We left Salta and headed towards Cafayate, the wine capital of northern Argentina. We were excited to get there and bike through the vineyards, and were suprised at the amazing canyon scenery along the way. As we rode along the river we found ourselves surrounded by red rock walls and spectacular rock formations. As tour buses would pass us with cameras pressed against the windows, we would remind each other just how great it is to be travelling by bicycle and getting to enjoy it all. And then, we'd continue pedaling uphill with our hundred pound bikes...

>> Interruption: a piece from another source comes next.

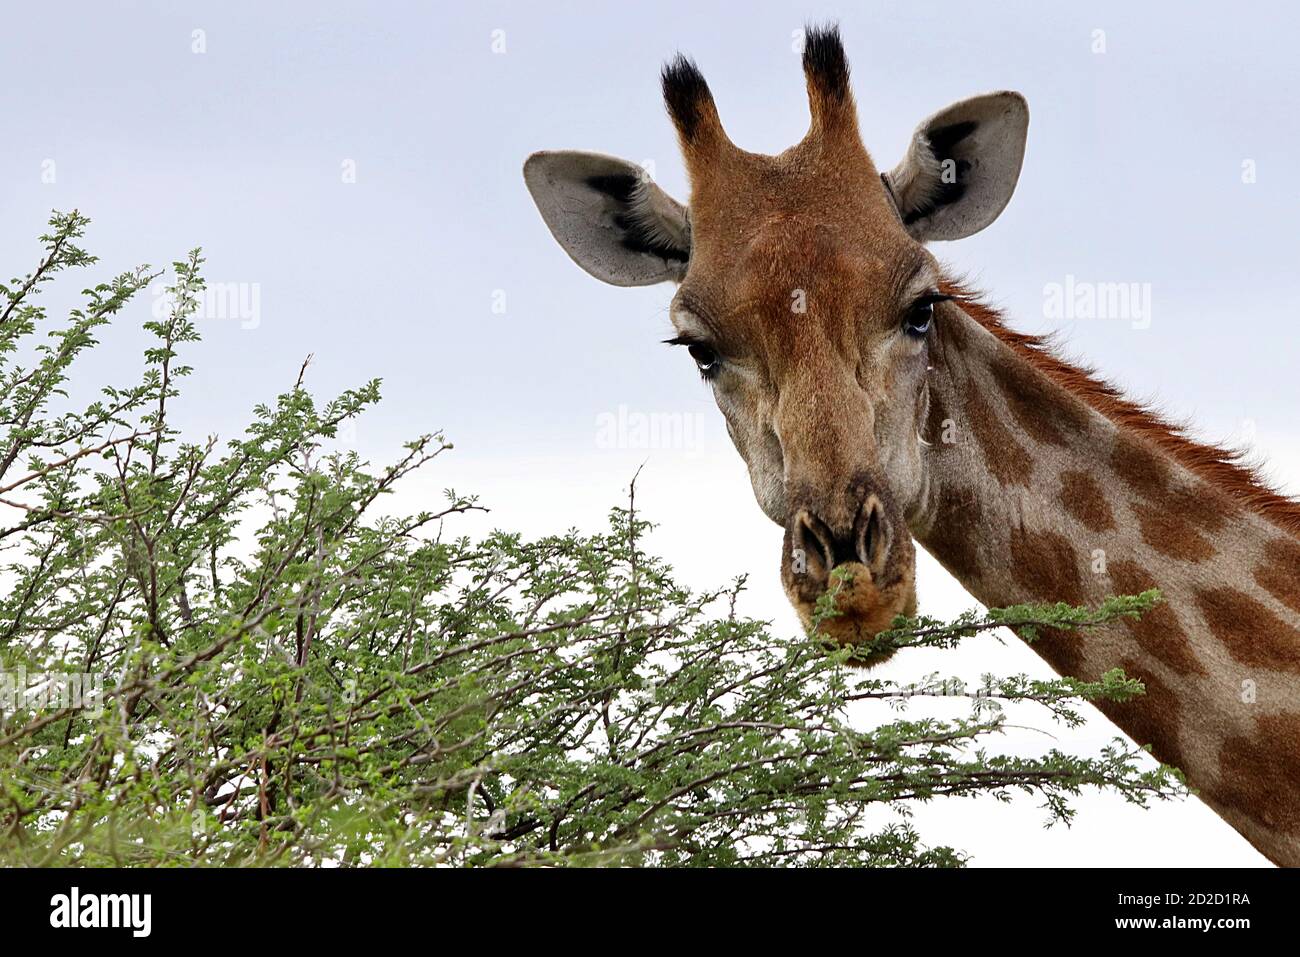 Une girafe sud-africaine (Giraffa camelopardalis giraffa) face dans la végétation pendant la saison humide à la réserve d'Erindi, région d'Erongo, Namibie. Banque D'Images
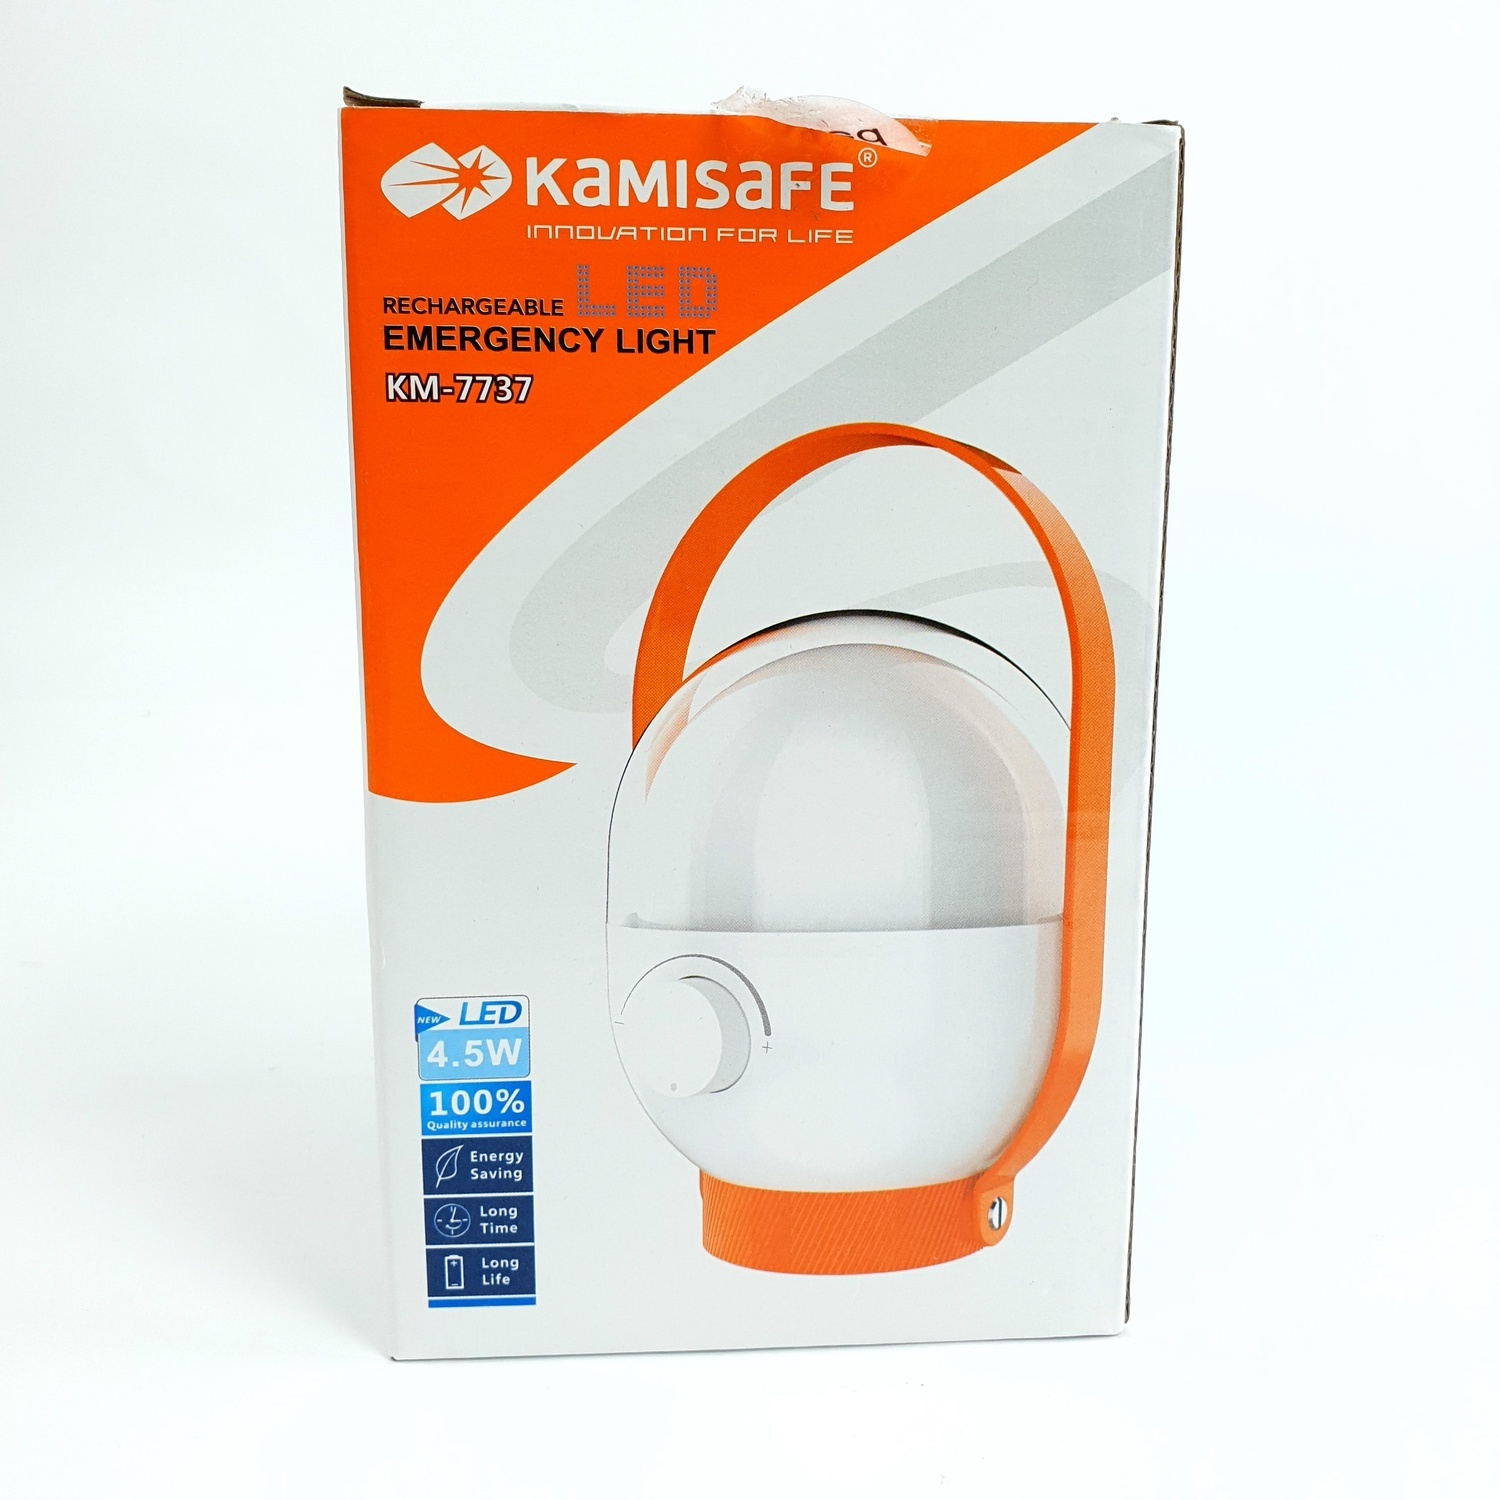 KAMISAFE ตะเกียงไฟฉาย LED ชาร์จไฟและปรับแสงได้ หมุนได้ 360° รุ่น KM-7737 คละสี (ส้ม/เขียว)

Cafayate ended up being quite the touristy little town, full of hotels and restaurants and artisan shops. We found ourselves the backyard of a hostel to camp in, and decided to splurge and enjoy a good steak dinner. And wow - was it ever delicious. I don't think we can even describe just how tender, juicy and succulent that steak was, and how it was just so perfectly paired with the 2006 Malbec Reserve. No, we won't be able to give that meal justice at all. But it was fantastic. In hindsight, we should have taken the next day off to explore a vineyard and try to repeat the success of that night´s meal, but instead we got up early and started off again, hoping for another long day of cycling along smooth highways.

It turns out that not every highway in Argentina is great pavement. In fact, as we made our way in the general direction of Córdoba, you would be hard pressed to call the highway pavement in places. But we bounced along, making slightly slower progress than planned. And then after having lunch at a great gas station in Amaicha del Valle (picnic tables, water fountain, and wifi? Yep!) we started a slow, long climb. We had thought once we left Bolivia we were out of the mountains for awhile, but turns out they still have ranges other than the Andes down here. Up up up we went, hoping to camp at the summit but failing to make it there before dark. It was looking a bit dicey as far as campspots go, but before it got too dark and too cold, a nice flat spot opened up, with a path leading down to it from the highway. We were in full view of the road, but for some reason being in Argentina just makes us feel safe.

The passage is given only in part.